3. O art. 290 do CPC prevê o cancelamento da distribuição caso não haja pagamento das custas iniciais no prazo de 15 dias após a intimação do advogado, mas essa regra se aplica apenas às hipóteses de ausência total de recolhimento.
4. O Superior Tribunal de Justiça possui entendimento consolidado no sentido de que, em casos de recolhimento parcial das custas iniciais, é obrigatória a intimação pessoal da parte para complementação do valor devido.
5. A jurisprudência do STJ, inclusive em julgados recentes, estabelece que o cancelamento da distribuição e a extinção do processo, nessas hipóteses, sem a intimação pessoal da parte, caracterizam nulidade processual.
6. No caso concreto, após a revogação da gratuidade da justiça, os autores recolheram parcialmente as custas, mas não foram pessoalmente intimados para complementação, configurando violação ao devido processo legal.

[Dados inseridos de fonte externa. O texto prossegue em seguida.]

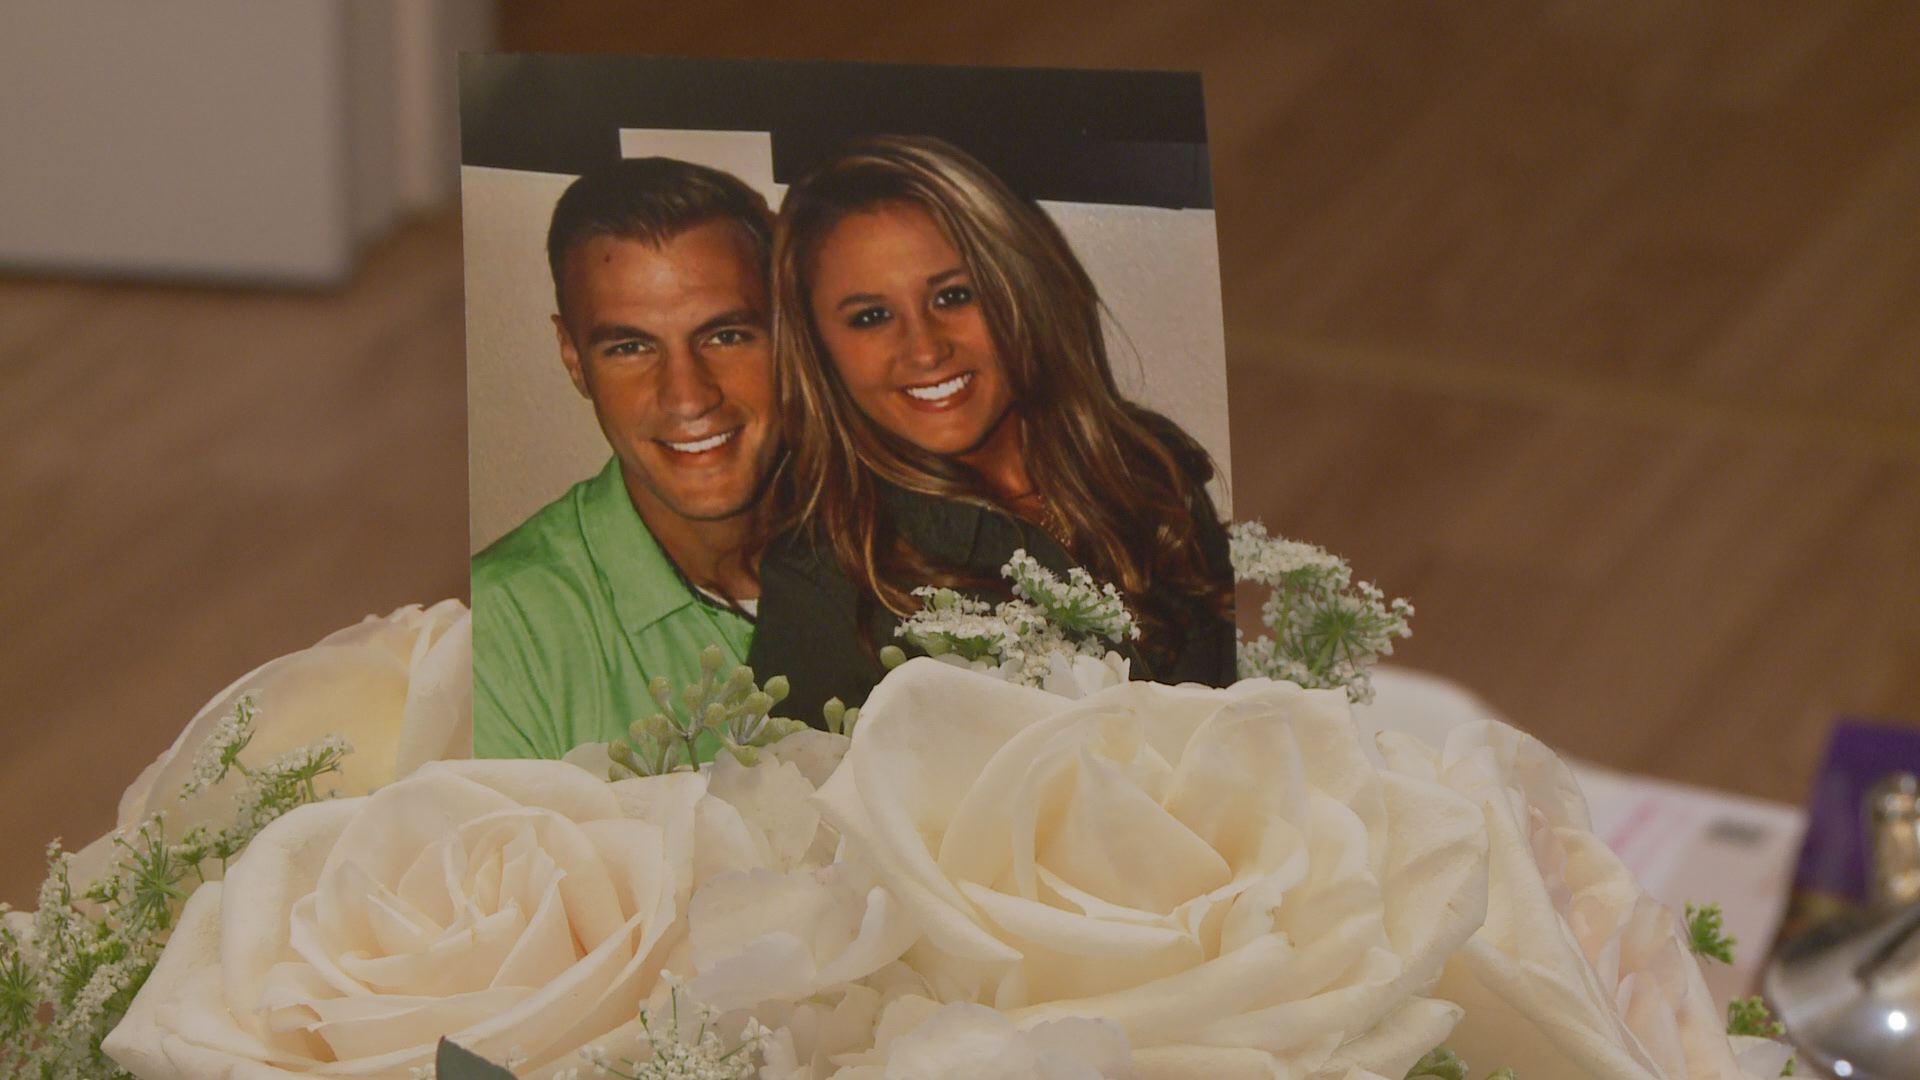 Surprise Wedding Gift For Groom : Vendors surprise bride, groom battling leukemia with free wedding ...

7. Diante da ausência de intimação pessoal, impõe-se a desconstituição da sentença extintiva, a fim de que os autos retornem à origem para regular prosseguimento com a intimação pessoal dos autores.
8. Recurso conhecido e provido.
Consta dos autos a interposição de Recurso Especial no Evento 21, devidamente instruído com as razões recursais, seguindo-se a apresentação de contrarrazões no Evento 29.

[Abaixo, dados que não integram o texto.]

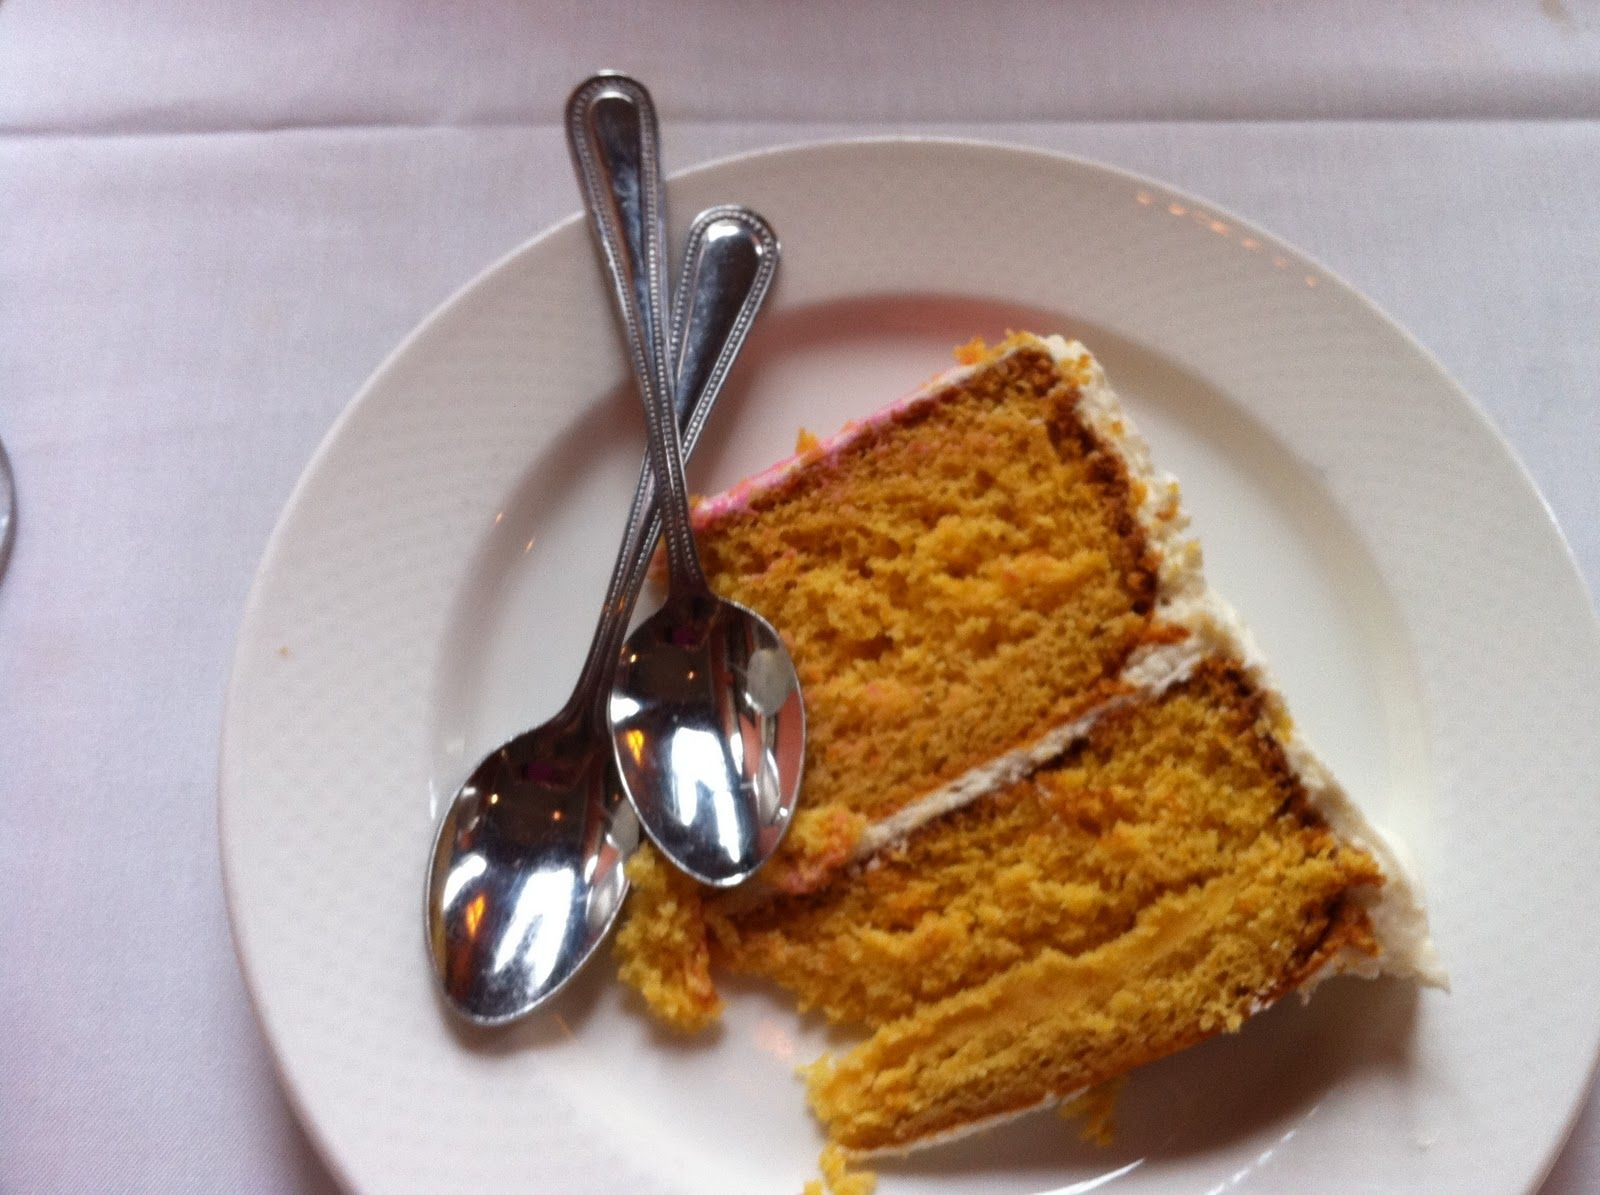 Brick Street Cafe (Greenville, SC) Sweet potato cake

Nas razões recursais, o recorrente sustenta violação aos artigos 290 e 1.007 do Código de Processo Civil. O argumento central é que o Tribunal de origem teria cometido error in judicando ao aplicar a regra referente às custas iniciais (art. 290 do CPC), que exigiria intimação pessoal da parte para complementação, a uma hipótese que, segundo o recorrente, tratava de insuficiência de preparo recursal, a qual deveria ser regida pelo art. 1.007 do CPC, que prevê a intimação na pessoa do advogado. Alega que a confusão entre os institutos gerou insegurança jurídica e ofendeu o devido processo legal, requerendo a reforma do acórdão para restabelecer a decisão de primeiro grau que teria julgado o recurso deserto.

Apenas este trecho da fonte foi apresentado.